- Born: 20 November 1955
- Died: 16 March 2023 (aged 67) Sydney, New South Wales, Australia
- Education: University of Technology Sydney
- Occupations: Media executive and entertainment publicist
- Years active: 1978–2023
- Known for: Foxtel executive; Network Ten publicity director; Celebrity and sporting publicist; Company founder of "The Promotion Department" with artists services firm executive Steve Vizard;
- Awards: Logie Hall of Fame

= Brian Walsh (television executive) =

Australian media executive (1955–2023)

Brian Walsh (20 November 1955 – 16 March 2023) was an Australian media executive and publicist. Walsh was best known for his lengthy tenure as the executive director of television at Foxtel and for his work as a sports and entertainment publicist.

==Life and career==
Walsh was born on 20 November 1955, and commenced his career in 1978, after he graduated from the University of Technology Sydney with a Bachelor of Communications. he worked for David Elfick Palm Beach Pictures

Walsh had an extensive career in Australia and overseas. He worked for 2SM, Network 10, Star TV in Hong Kong and BSkyB in the United Kingdom.

Walsh then joined 2SM as the station's promotions manager where he stayed for five years.

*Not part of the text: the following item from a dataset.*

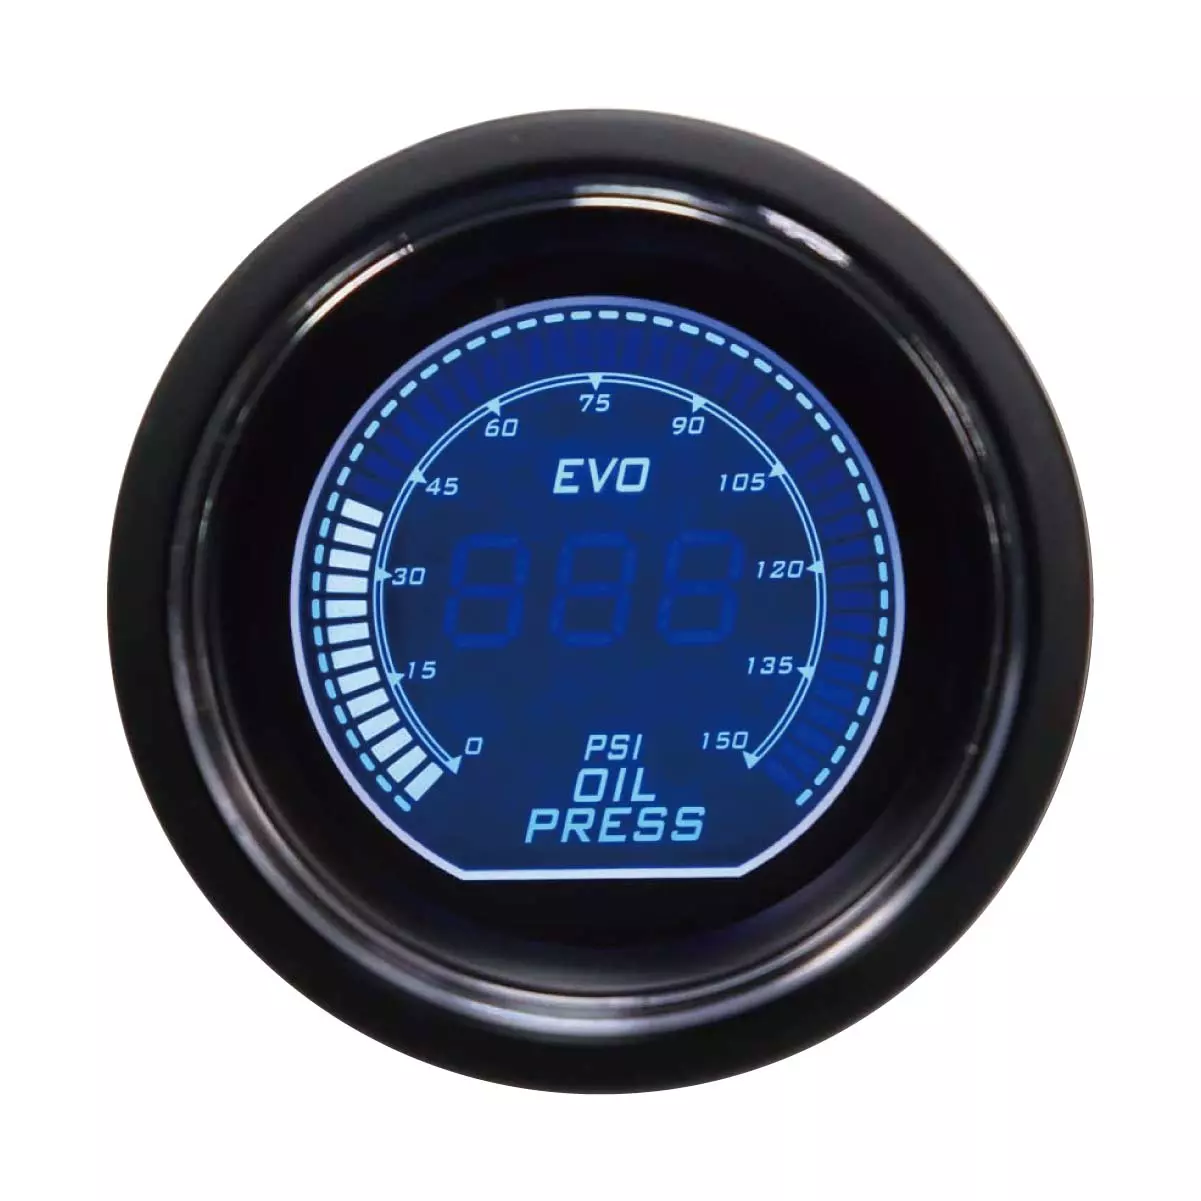 MOTOR METER RACING EVO Series Oil Pressure Gauge PSI Blue Red Backlit Included Electronic Sensor Kits

==Early career at Network 10 and Network Nine==
Walsh then moved into television commencing work at Network 10.

As Network 10's publicity director, Walsh is credited with helping the evening soap Neighbours achieve success after it was axed by the Seven Network in 1985 due to poor viewership in Sydney, despite the show's solid ratings in Melbourne and Brisbane.

In an attempt to overcome the show's poor performance in Sydney, Walsh helped create the successful "Nominate Your Neighbour" campaign in which Sydneysiders were invited to nominate fellow locals for their inspiring neighbourliness. The Melbourne-based Neighbours actors then flew to Sydney to deliver brand new television sets to the winners. The campaign was credited with helping the ratings in Sydney immediately increase.

During his time at Network 10, Walsh is also credited with launching successful miniseries Vietnam, Bangkok Hilton and The Dirtwater Dynasty.

Walsh left Network 10 in June 1989.

In 1993, Walsh was hired by the Nine Network in an attempt to increase the ratings for their evening soap Paradise Beach.

==Foxtel executive==
In 1995, Walsh was part of the foundation executive team at pay television company Foxtel when it was launched in Australia in 1995, appointed the company's executive director of television.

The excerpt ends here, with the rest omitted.